I. СЫН ГОЛУБКИ
Трудно сказать, лежит ли мел в основе характера всех вообще англичан, но присутствие его в организме наших жокеев и тренеров – факт неопровержимый. Живут они по большей части среди меловых холмов Южной Англии, пьют много воды, имеют дело с лошадиными суставами, и известковый элемент стал для них чуть ли не профессиональным признаком; они часто отличаются костлявыми носами и подбородками.
Подбородок Гринуотера, отставного жокея, ведавшего конюшней Вала Дарти, выступал вперед так, словно все долгие годы участия в скачках он использовал его, чтобы помочь усилиям своих коней и привлечь внимание судьи.
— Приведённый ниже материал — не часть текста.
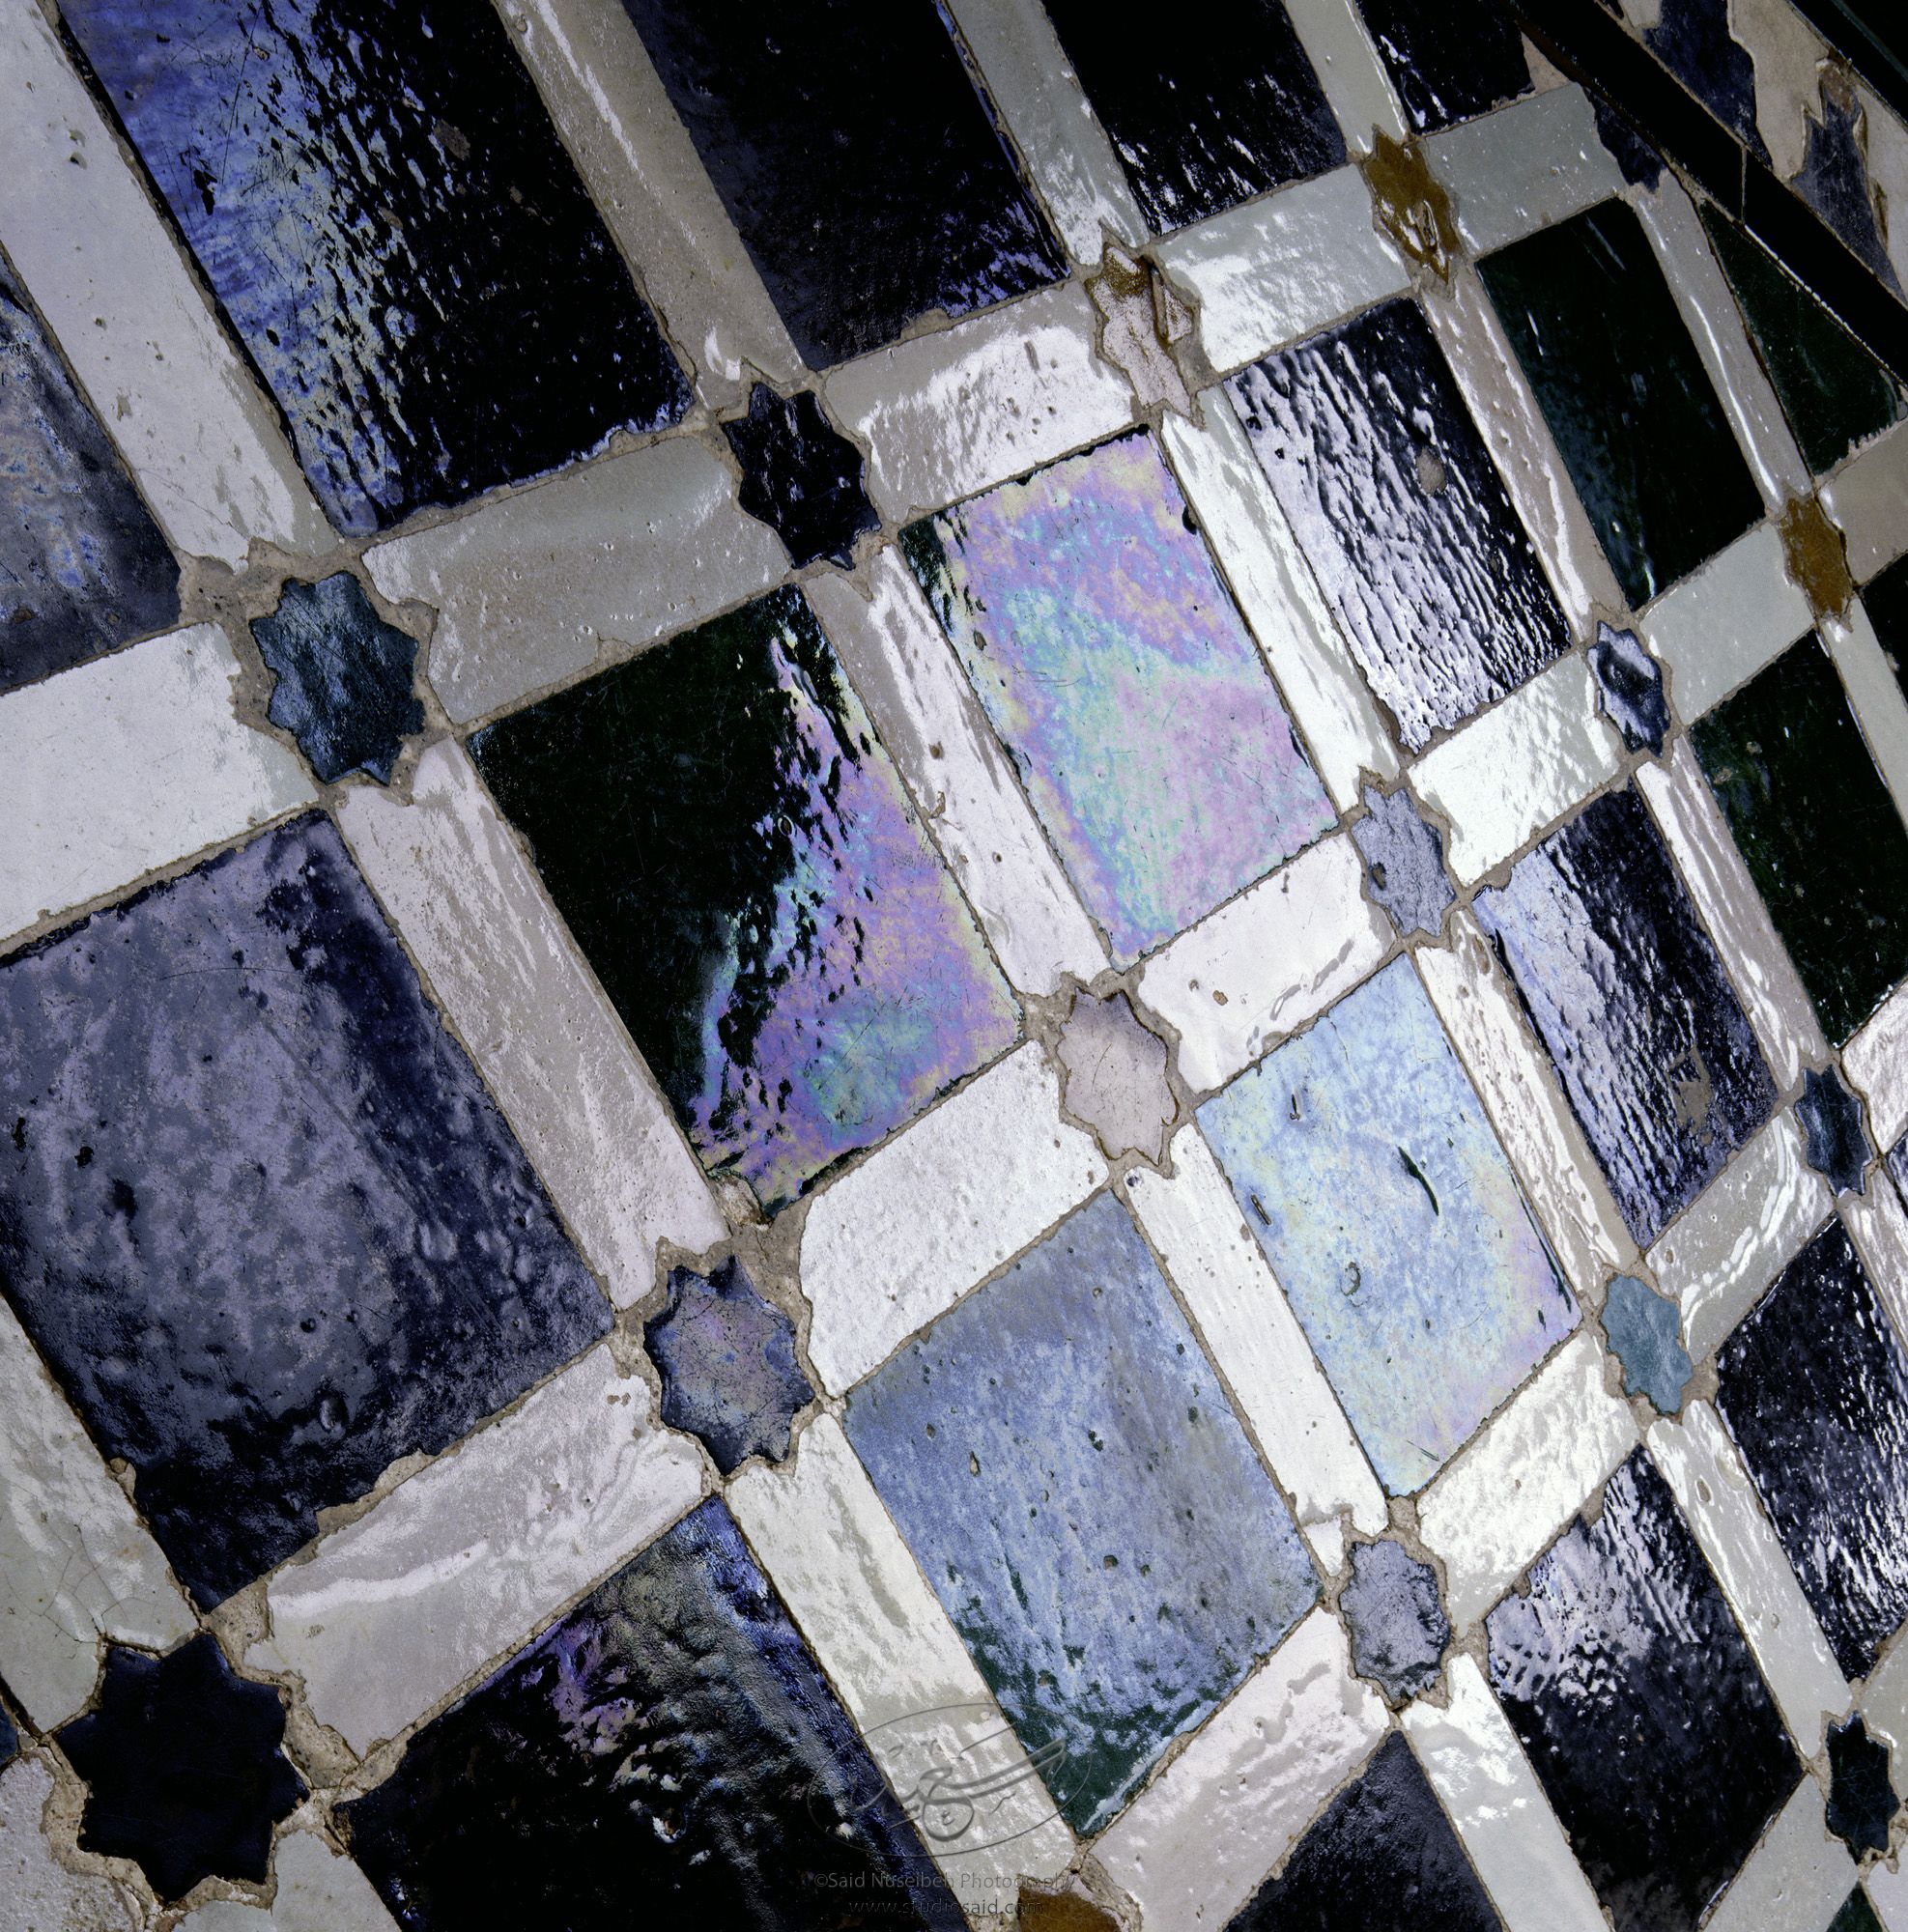 Sala de Cuarto del Dorado, Alhambra, Granada, Espa&ntilde;a. Image of iridescence off the glazed tiles of dados inside the Alhambra, a palace of the Nasrid dynasty in 12<sup>th</sup>&ndash;century Andaluc&igrave;a, Granada, Spain.

Его тонкий с горбинкой нос украшал собой маску из темнокоричневой кожи и костей, узкие карие глаза горели ровным огоньком, гладкие черные волосы были зачесаны назад; росту он был пяти футов и семи дюймов, и за долгие сезоны, в течение которых он боялся есть, аскетическое выражение легло на его лицо поверх природной живости того порядка, какая наблюдается, скажем, у трясогузки. Он был женат, имел двух детей и относился к семье с молчаливой нежностью человека, тридцать пять лет прожившего в непосредственном общении с лошадьми. В свободное время он играл на флейте. Во всей Англии не было более надежного человека.
Вэл, заполучивший его в 1921 году, когда тот только что вышел в отставку, считал, что в людях Гринуотер разбирается еще лучше, чем в лошадях, ибо верит только тому, что видит в них, а видит не слишком много. Сейчас явилась особенная необходимость никому не доверять, так как в конюшне рос двухлетний жеребенок Роадавель, сын Кафира и Голубки, от которого ждали так много, что говорить о нем вообще не полагалось. Тем более удивился Вэл, когда в понедельник на Аскотской неделе его тренер заметил:
– Мистер Дарти, тут сегодня какой-то сукин сын смотрел лошадей на галопе.
– Еще недоставало!
– Кто-то проболтался. Раз начинают следить за такой маленькой конюшней – значит, дело неладно. Послушайте моего совета – пошлите Рондавеля в Аскот и пускайте его в четверг, пусть попробует свои силы, а понюхать ипподрома ему не вредно. Потом дадим ему отдохнуть, а к Гудвуду опять подтянем.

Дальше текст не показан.